Every year millions of dollars are wasted in improper waste management, which is an easy problem to tackle at the user level. By making an easy way for users to manage their waste properly, we can greatly reduce damage. We at SeaGreen wish to spread awareness about this topic and have created a unique, innovative solution utilizing computer vision, AI, and natural language processing.
What it does
Our Android app comes with two features: 1) Recyclable item image recognition: Using the camera, users can query any object to learn how to sort it for waste. The categories are Trash, Recycling, and Compost.
2) AI Chatbot: This interactive chatbot lets users interact through text and natural language to learn the recycling status for anything they want to know about. The bot learns from machine learning and NLP to better respond to user questions.
How we built it
1) Item Recognition: A custom camera view utilizes Microsoft's Computer Vision API, IBM bluemix, and Android Studio, calling the APIs at regular intervals. In the back end, machine learning and NLP tell users which bin to place an object into using text analytics.
2) AI Chatbot: We mainly used Java on the front end, with Python Flask and IBM bluemix/text analytics in the back-end to process language. We had custom-tune some text analytics inside the Android application in order to classify API outputs for our purposes.
Challenges we ran into
Working with Android Studio to create a custom camera view was tricky. In addition, the CV portion required running asynchronous tasks with multiple threads, requiring very explicit synchronization for multi-programming. Python Flask was challenging to work with because servers didn't behave as efficiently as we thought to coordinate the different technologies we used. A lot of APIs had compatibility issues as well. IBM bluemix sometime yielded unexpected results.
Making sure that the chatbot knew the right questions to ask, responses to make and what input should prompt it took a lot of time. It was also tricky to code confirmation for answers that the user gives.
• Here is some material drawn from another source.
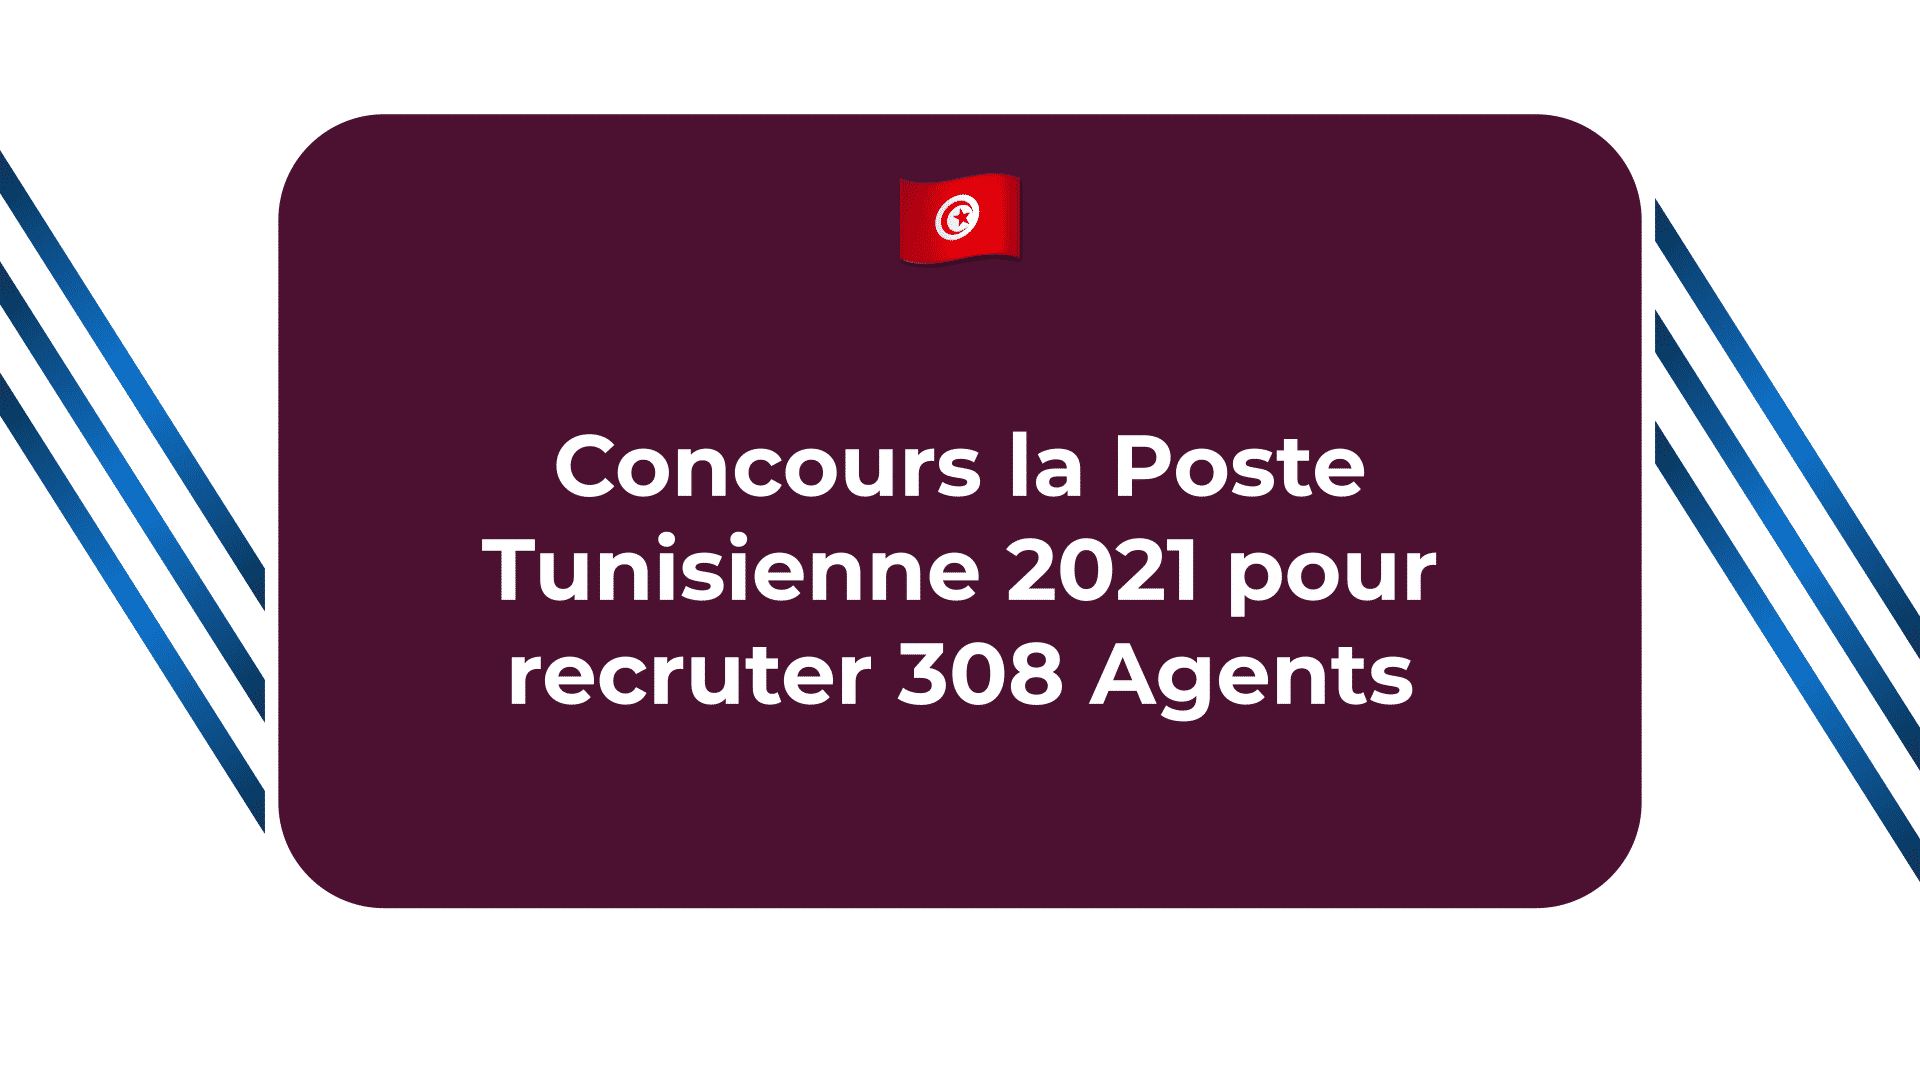 Concours la Poste Tunisienne
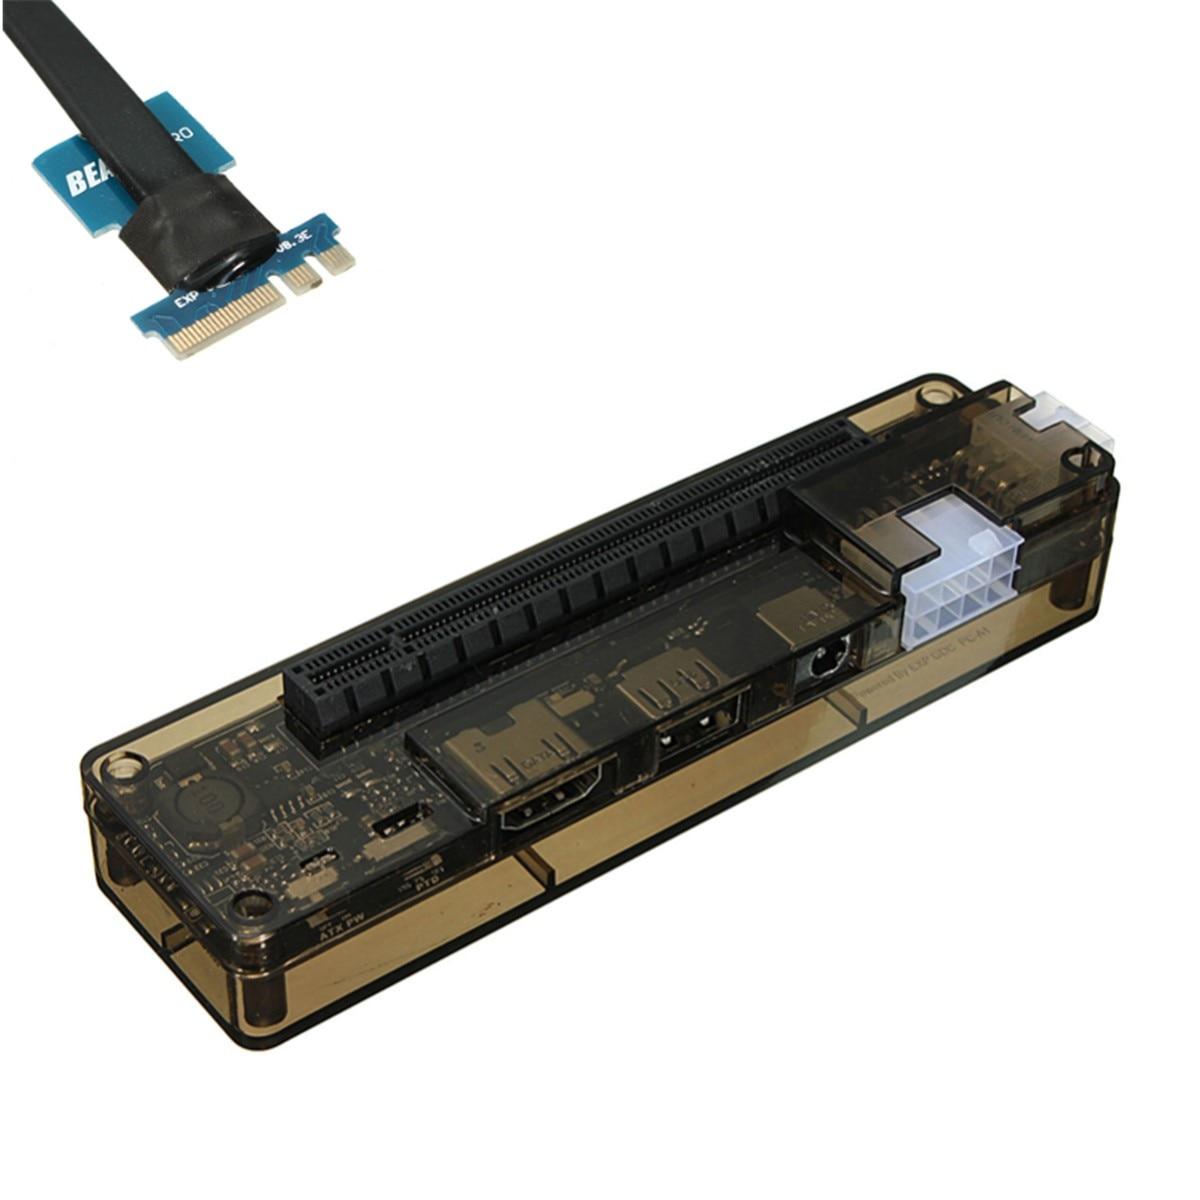 HOT-V8.0 EXP GDC bête ordinateur portable externe indépendant carte vidéo Dock NGFF ordinateur portable PCI-E périphérique d'extension

Accomplishments that we're proud of
We were able to create a cohesive product using more than five different APIs. It was very rewarding to be able to use a rising technology like computer vision to create an app that could make a big difference in many societies. This was many of our first experiences with Machine Learning and AI.
What we learned
We learned that creating a multiple-endpoint app is tricky and requires careful planning and communication.
What's next for SeeGreen
We'd love to add the feature to recognize multiple objects at once and label each object's status in the image. It would also be great to gear the app towards children to encourage eco-friendly habits and environmental education.
Technically, we hope to improve the CV capabilities to more accurately recognize images. It would be great to partner with governmental and environmental organizations to raise awareness about waste management and research further into needs in the industry. Using more machine learning algorithms, we want to gather more user-based data to better predict results. We think design and the way users interact with technology is important, so more time to polish the user experience and incentivize user is another long-term goal.